Она смотрела на меня с такой надеждой, словно от меня зависела её жизнь.
— Пожалуйста.
Похоже, она давала отлуп своему парню:
— Между нами всё кончено. Прощай, Антон. Да, ты правильно понял — я не прощаю предательства.
Она замерла, стояла с опущенной головой, а я как дурак топтался рядом, боясь нарушить торжественность момента.
— Простите, — спохватилась она. — Так бывает. Что разбилось — не склеить.

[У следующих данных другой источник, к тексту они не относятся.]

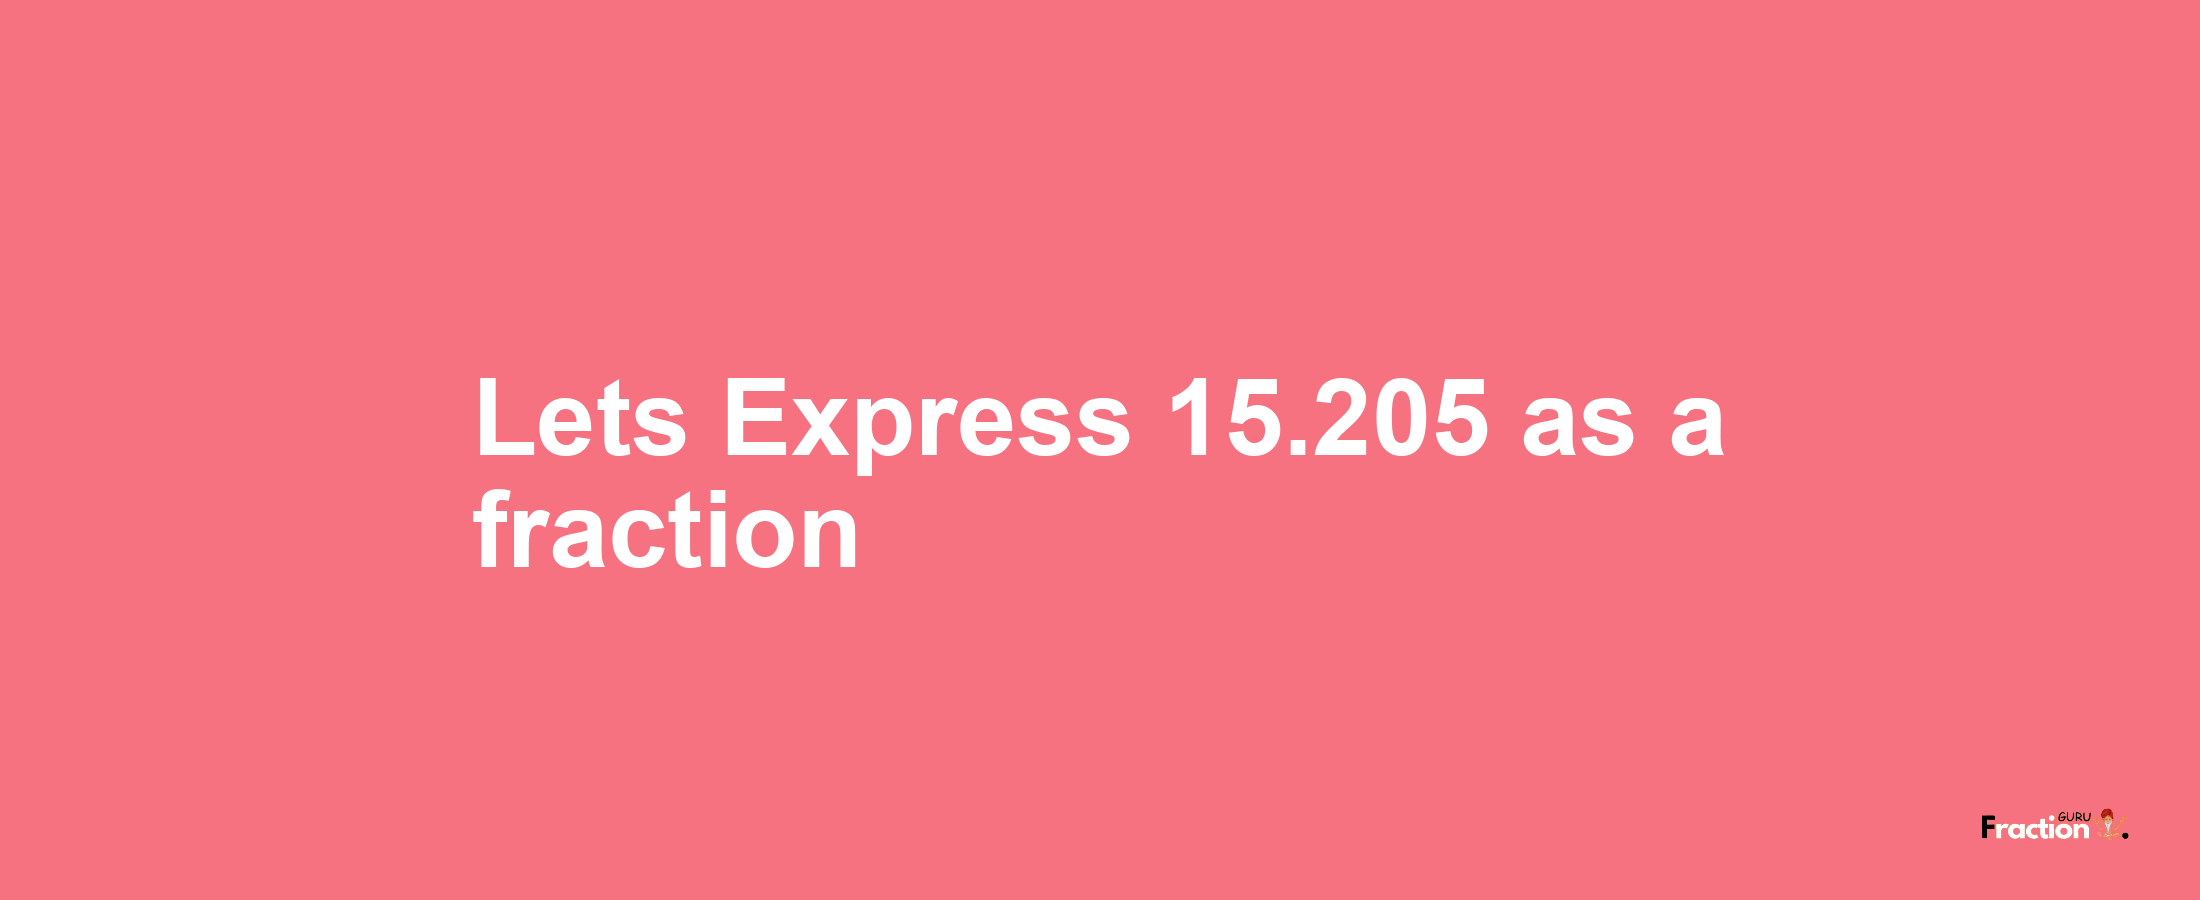 Lets Express 15.205 as afraction

— «На свете есть два непохожих сердца. Не примирить им помыслы свои…» — пробормотал я и хотел уйти, как вдруг услышал:
— «От одного огня им не согреться, не захмелеть им от одной любви…»
Я был поражён:
— Вы знакомы с творчеством Степана Щипачёва?

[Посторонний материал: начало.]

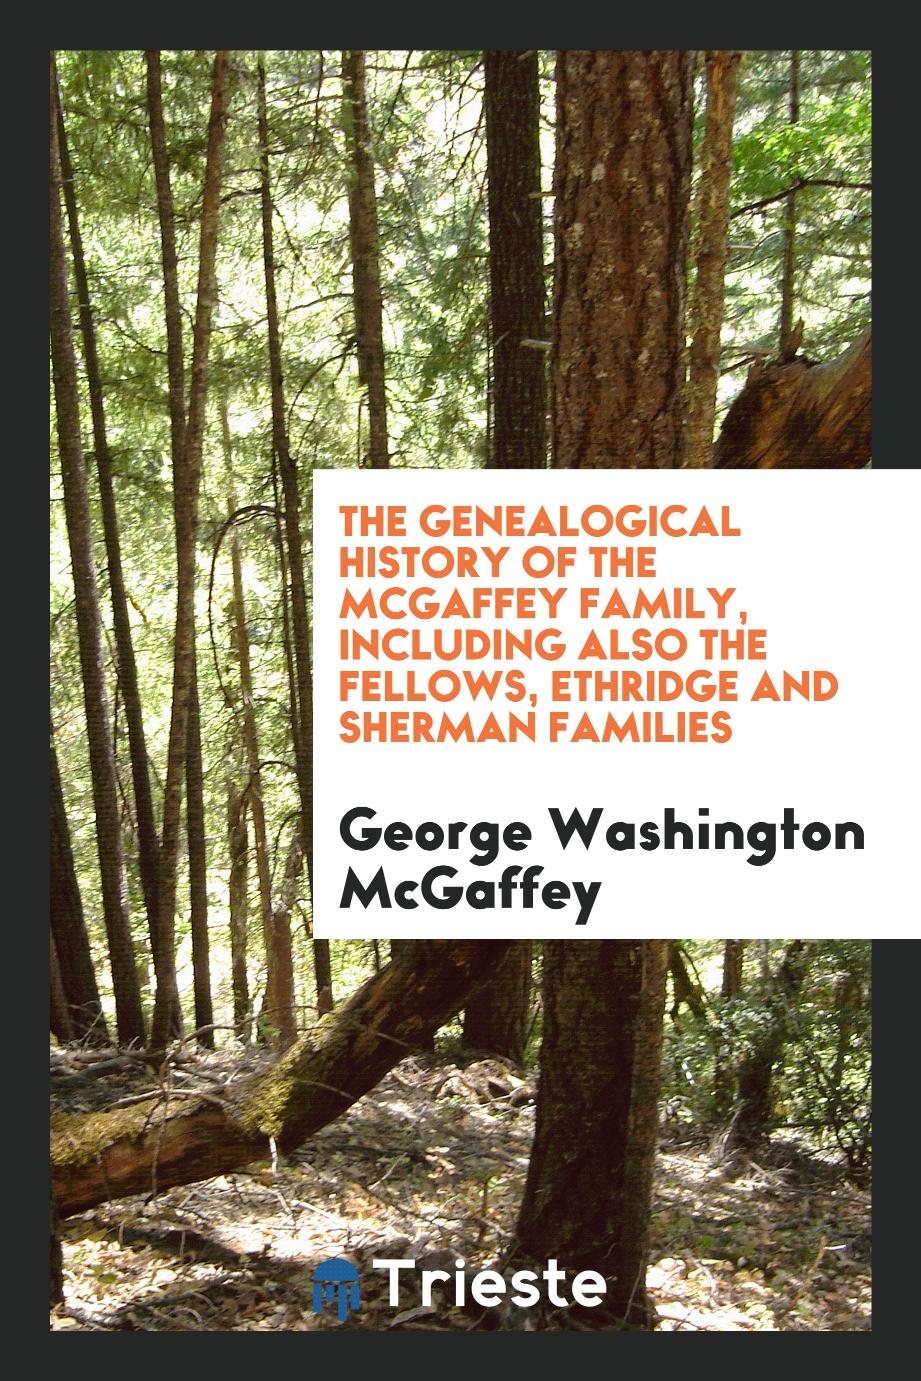 The Genealogical History of the McGaffey Family, Including Also the Fellows, Ethridge and Sherman Families

— Конечно, это мой любимый поэт.
Вот так начался наш роман с Лизой. Как и я, она была вдовой. Это тоже сблизило нас. Её муж был намного старше, и у него было больное сердце. Их брак продлился меньше года. Она призналась, что отдает предпочтение мужчинам в возрасте, видимо оттого, что рано лишилась отца.
Я безумно влюбился. Ей лишь двадцать два, но разница в возрасте уже не смущала меня. Мы были слишком похожи, чтобы задумываться о такой ерунде. Мы поженились. Сейчас годовщина нашей свадьбы. Она как прежде красива и весела, а мне очень грустно. Лиза поглаживает пальчиками бриллиантовое колье — мой подарок, и с восхищением смотрит на меня. Протягивает бокал вина:
— Давай выпьем за нас, любимый!
— Ты же знаешь, что я пью Rosemount только со льдом.
— Какая я забывчивая!
Она уносится на кухню, а я со вздохом меняю наши бокалы.
«Если ты любишь женщину — доверяй ей». Я доверял, но моя молодая супруга слишком часто захлопывала ноутбук, когда я заходил в её комнату. И однажды я отнёс его моему начальнику безопасности. Пароль был несложный. И такими же незамысловатыми были планы Елизаветы.
Я читал рекомендации на мой счёт того самого Антона, с кем она якобы рассталась, и горькая обида заставляла мои глаза влажнеть.
«А ещё проштудируй стишки Асадова и Шарля Бодлера. Дедок тащится от них».
Спасибо, что приготовила для меня безболезненный яд. Твой друг так и написал: «Старикашка просто уснёт и тихо, без мучений склеит ласты».